Lo aveva già intuito Edward C. Banfield con il suo studio etnografico della società italiana e delle numerose comunità che popolano la penisola. Il famoso politologo statuinitense coniò il termine familismo amorale, etichetta che sin da subito aderì in maniera più che calzante alla realtà di Chiaromonte, piccolo comune in Basilicata di quasi 2000 anime. Le “Basi morali di una società arretrata”, scritto tanto sagace quanto lungimirante, destinato ad individuare con invidiabile chiarezza tutti i limiti di una società retta su interessi particolaristici e paure collettive.
Famiglie chiuse, poco propense a condividere problemi e risorse con una comunità più ampia, centrate e ripiegate su se stesse. Paure ancestrali mescolate a quelle del giudizio dell’altro, egoismo paralizzante e rigidi confini invalicabili. Abitudini custodite gelosamente, congelate con cura affinchè resistessero intatte al tempo e alle “incursioni”, tanto del diverso quanto del vicino.
“Un sistema che resta chiuso al suo interno non è in grado di abbandonare il vecchio né tantomeno di generare il nuovo, trasformando ed innovando le sue energie in qualcosa di più della semplice somma delle sue parti”.

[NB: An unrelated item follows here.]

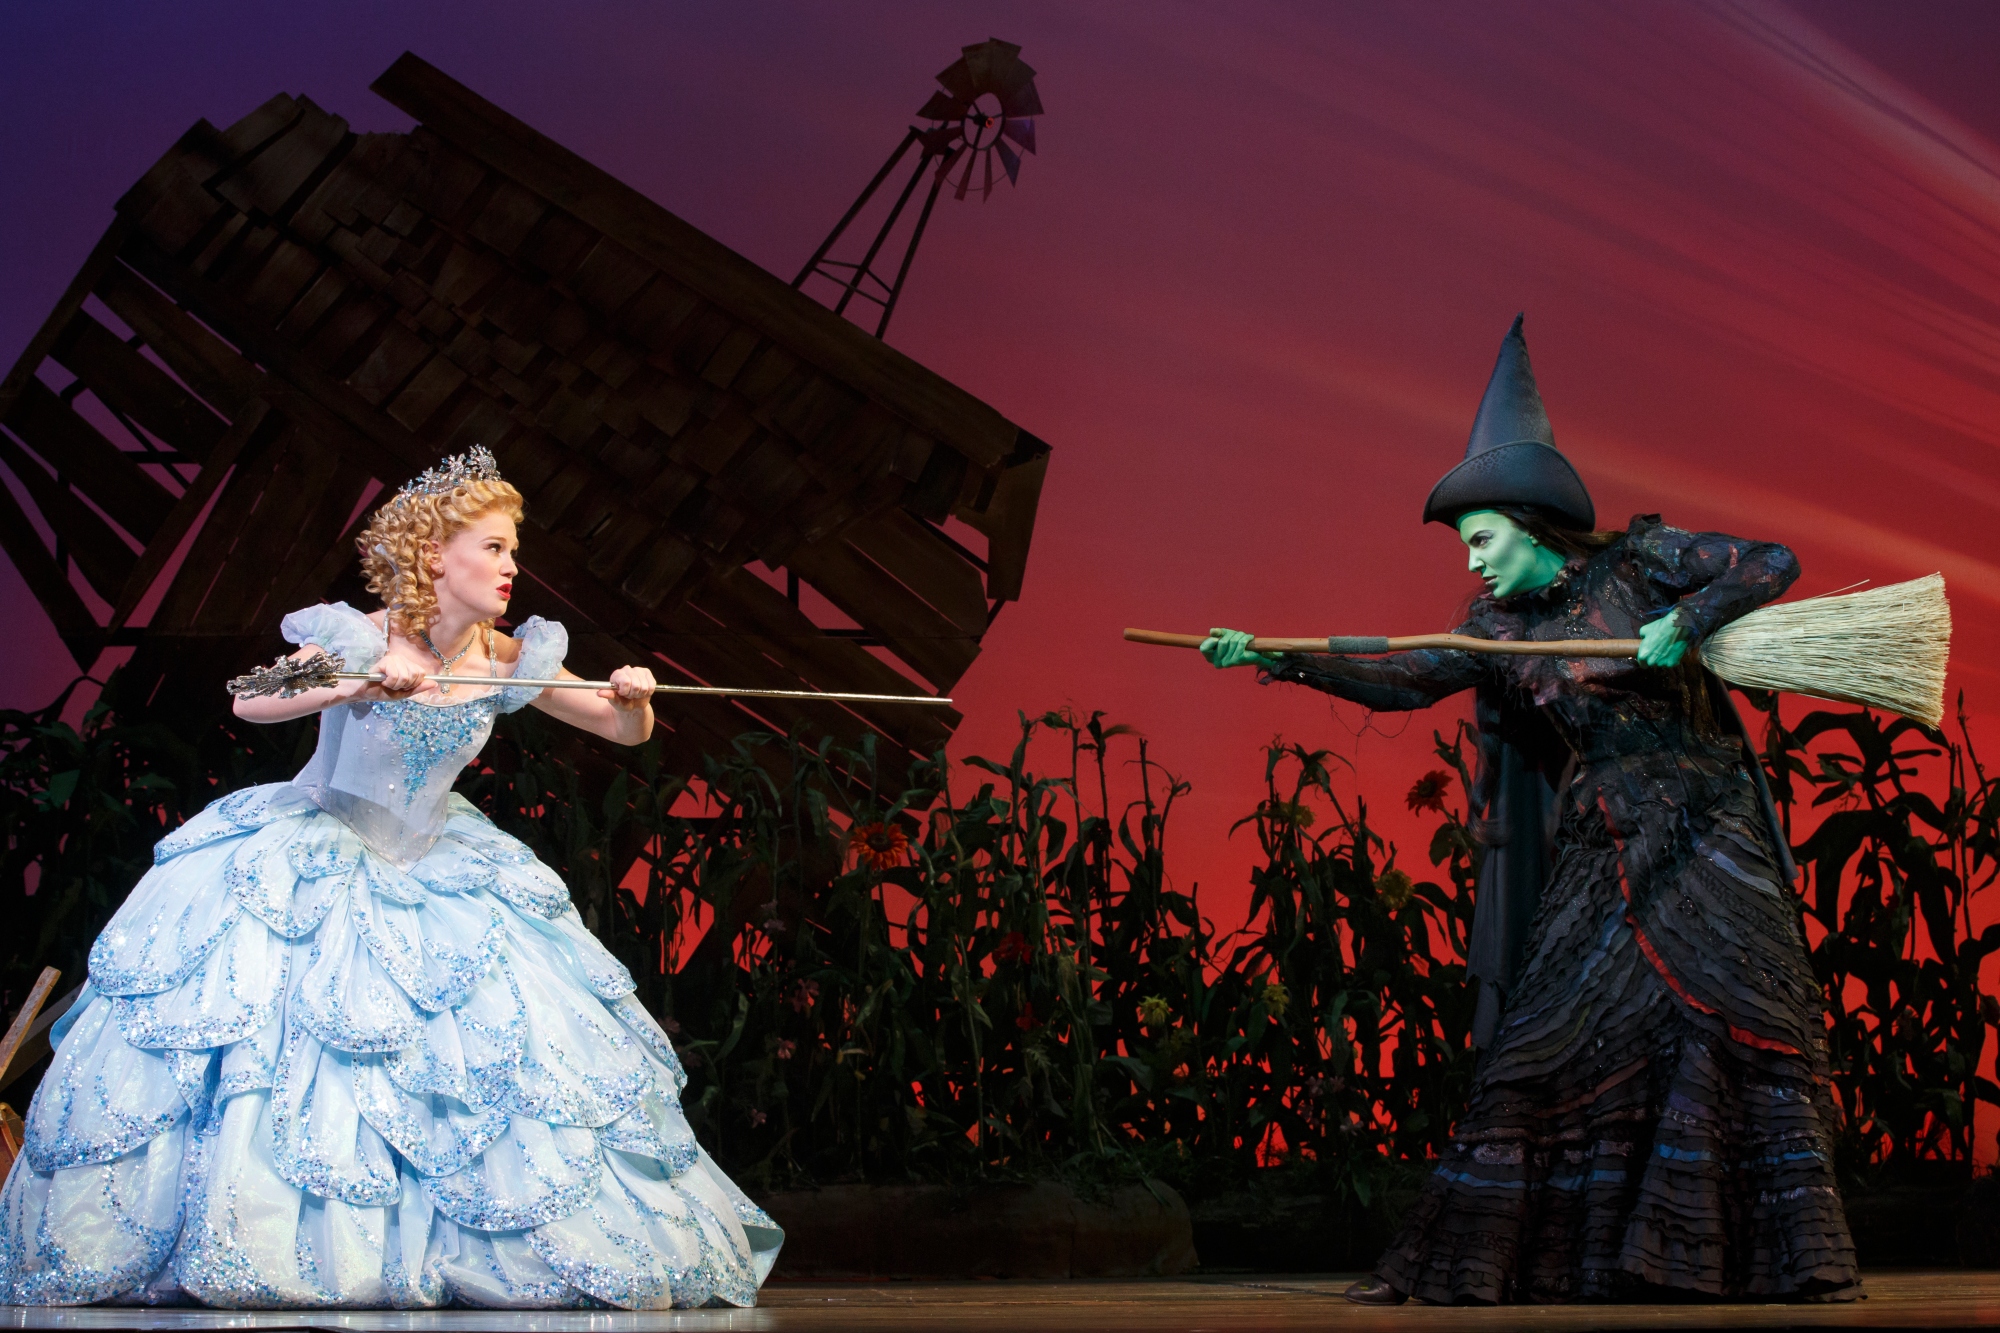 WICKED is presented by Dallas Summer Musicals April 19-May 22, 2016 at Music Hall at Fair Park.

Con questa definizione, che mescola frasi di diversi pensatori sparsi qui è là nella storia, ho cercato di esprimere con chiarezza quanto considero fuorviante il credere oggi che una società sovranista e chiusa al proprio interno con l’obiettivo prioritario di perseguire interessi particolaristici, in realtà, generi il risultato opposto a quello desiderato e cioè immobilità.
Non solo il sovranismo è un obiettivo controproducente in una realtà mondiale ormai globalizzata, ma lo è ancor di più guardando alla filogenesi dell’uomo e al suo progresso psico- sociale.
Difatti da sempre l’essere umano si è impegnato con estrema fatica nella ridefinizione dei propri confini interiori, così da progredire e raggiungere fasi di sviluppo sempre più alte. Questa affannosa operazione di “modellamento” è stata necessariamente accompagnata dalla ricerca del nuovo e del diverso, con cui l’uomo ha cercato di trovare nel mondo una cassa di risonanza ai suoi cambiamenti, corrispondenze sempre più accurate tra il dentro ed il fuori.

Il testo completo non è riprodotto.